Animals really tend to pay a lot of attention to me because I carry treats with me at all times, but not all of them like to be grabbed and squished, which is what I prefer.  I take what I can get.

Dan Folino is very accepting of my chronic need for attention, and I told him this even though I was told I should not inflate his ego more than necessary, but I consider writing to Dan Folino via Facebook message to be like writing to God – sometimes he grants you a reply and you live in his glory, and sometimes you just talk and know in your heart of hearts that he is listening and just does not have the time to respond.  For the past year, since it was announced that Beck would be doing American Idiot and that Dan Folino would be in it, I have been very needy in my attention.  I have offered All Of The Advice since I am clearly the expert on Green Day and how Dan Folino should best be showcased.  I even insulted Dan Folino twice by accident and he granted me his forgiveness because he knows I am basically a social moron and that I did not mean to insult him.  One time I said he looked like a predator though, and I felt really bad about that one.  He does not look like a predator.
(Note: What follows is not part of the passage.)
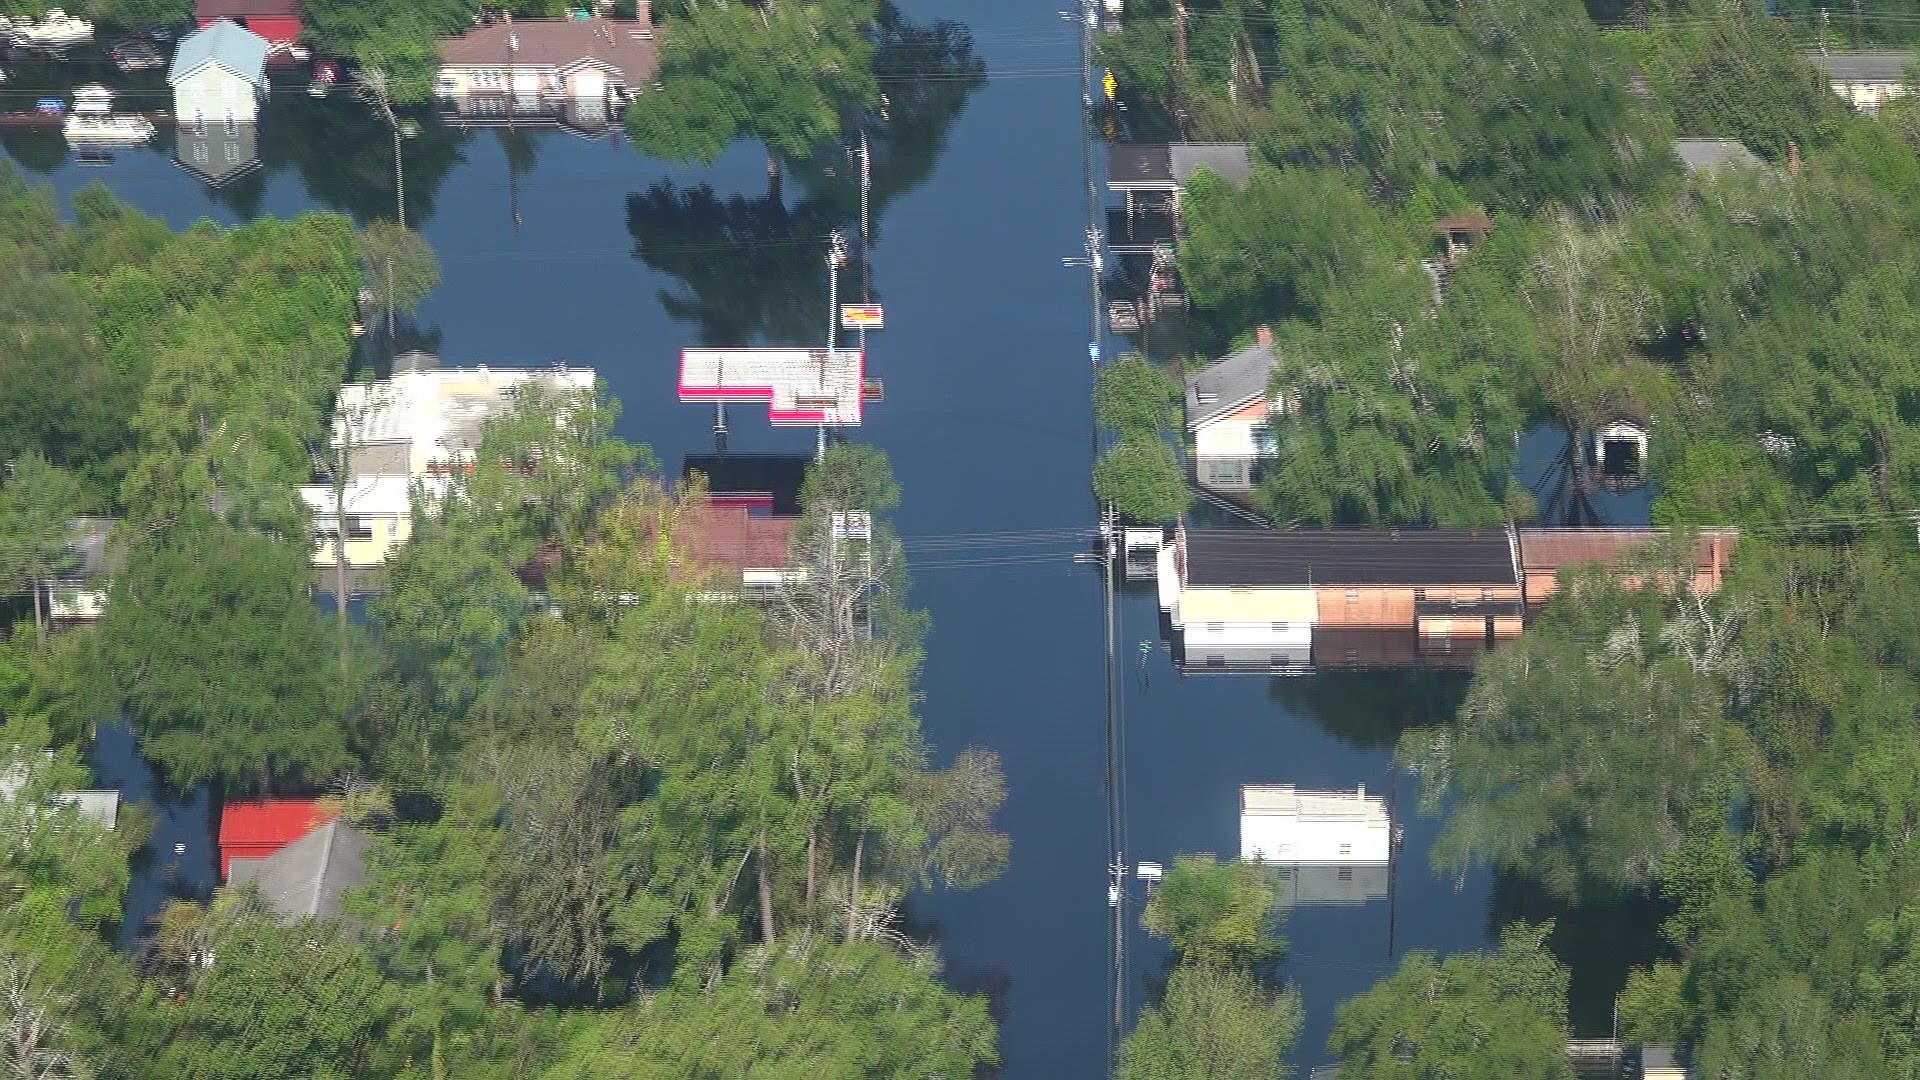 This video was taken by WLTX aboard a South Carolina National Guard chopper on Sept. 21, 2018. The chopper was surveying flooding caused by Hurricane Florence in the Pee Dee region of the state.
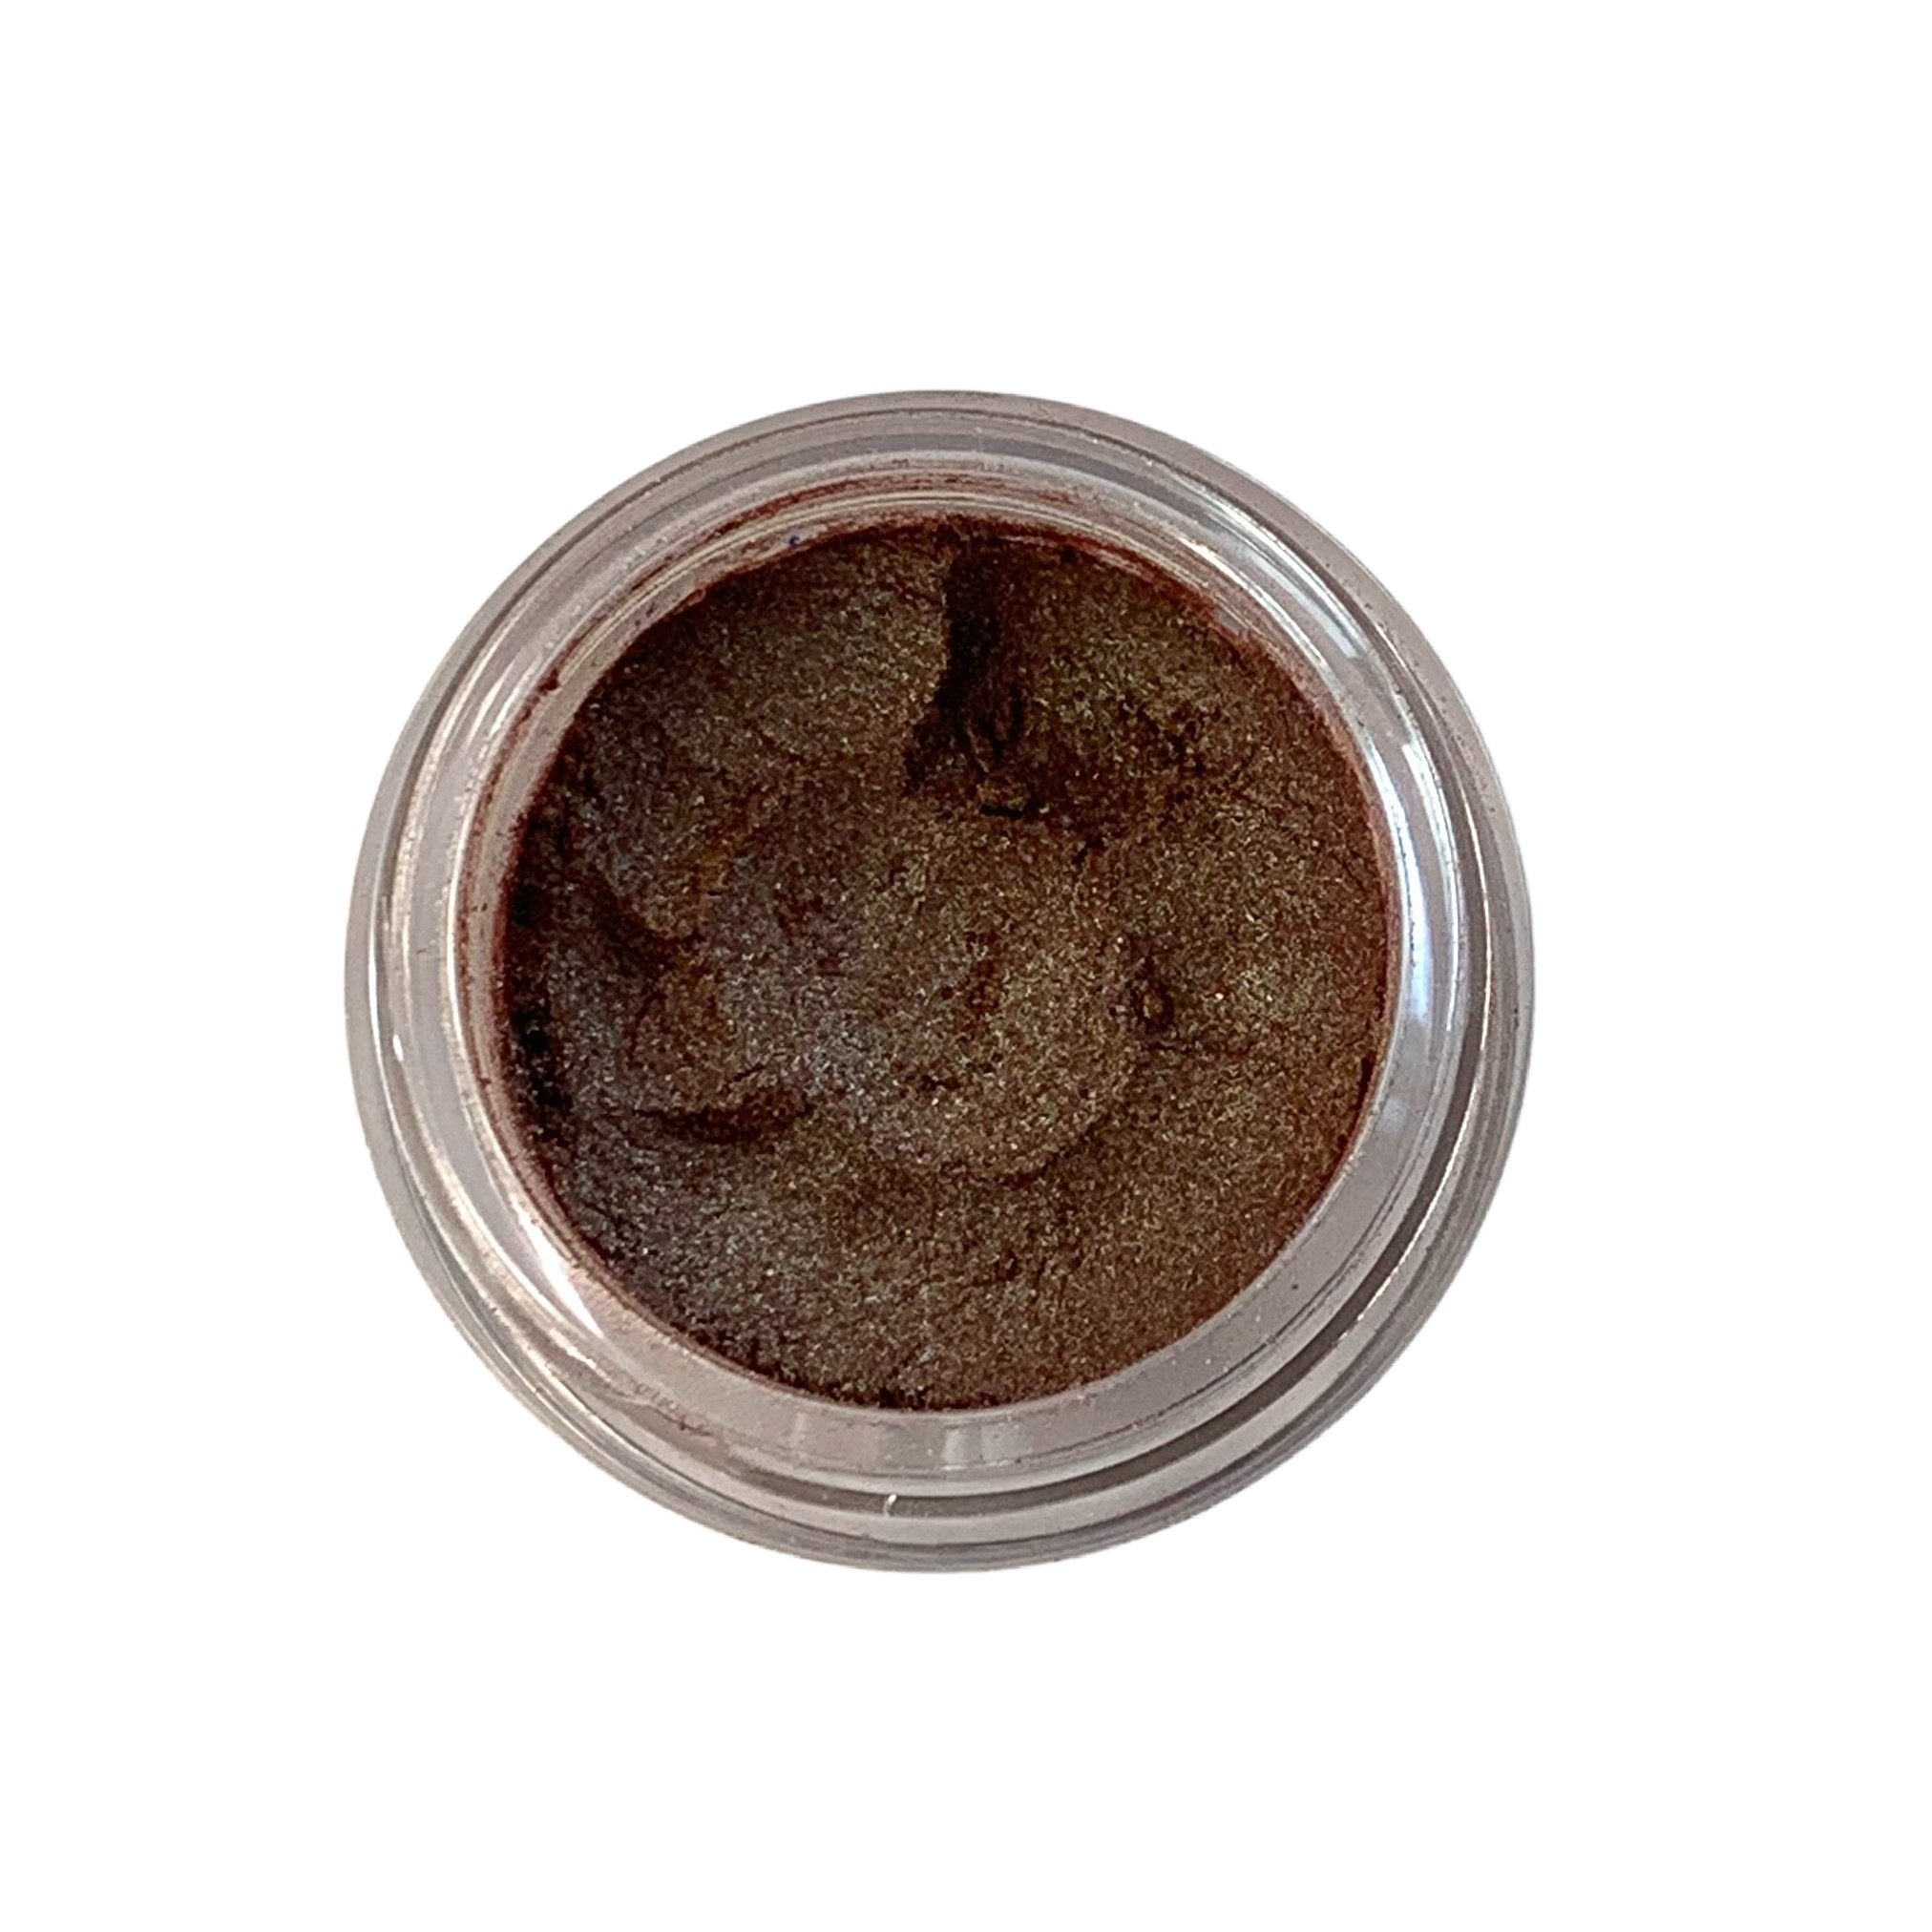 polychromatic brown eye shadow with red and blue hints. loose mineral eyeshadow, vegan and cruelty free. 10 gram sifter jar

Amiee Collier is extremely nice and she has a dog named Buckley who is excessively cute, so she sort of falls into both categories – the need for attention from All Of The Animals and the Amiee Collier fandom.  She puts up with me, too.

Billie Joe Armstrong and Robert Downey Jr. are not my BFFs yet, but I am not giving up hope.

Dave from Half Price Books only sometimes pays attention to me, but again, I take what I can get.

I also like when I get attention at work, if I do something particularly good or smart.  That is always good attention.

And recently, my obsession was highlighted because – bear with me on this – I really believe I am invisible.  Not invisible like magic, but I do not believe people notice me or see me despite the fact that my hair is currently bright red and has, in the past, been purple, blue and pink.  I still think people do not notice me so I thought nothing of the fact that I was in the audience of American Idiot for basically 5 or 6 out of the 7 shows they have done so far.  The cast is very young, so I will be referring to them as “kids”.  By this I mean I am legitimately old enough to be their mother.  One of the kids, Kyle Burnett, came up to me after one of the shows and said he thought I might be a figment of his imagination because he kept seeing me and no one believed I was real.  He was sweet as all get out and I wanted to adopt him to become the twin brother of my already adopted work daughter, Xena.  Anyway, he has been doing a vlog for the Cleveland production of American Idiot, and it is really cute – he interviews the cast members and shows some behind the scenes stuff.  So you should go check out his videos here.  Start with the first one and go in order.

If you are in Cleveland, go see American Idiot.  And if you happen to know Billie Joe Armstrong or Robert Downey Jr., please let them know that I would like some attention.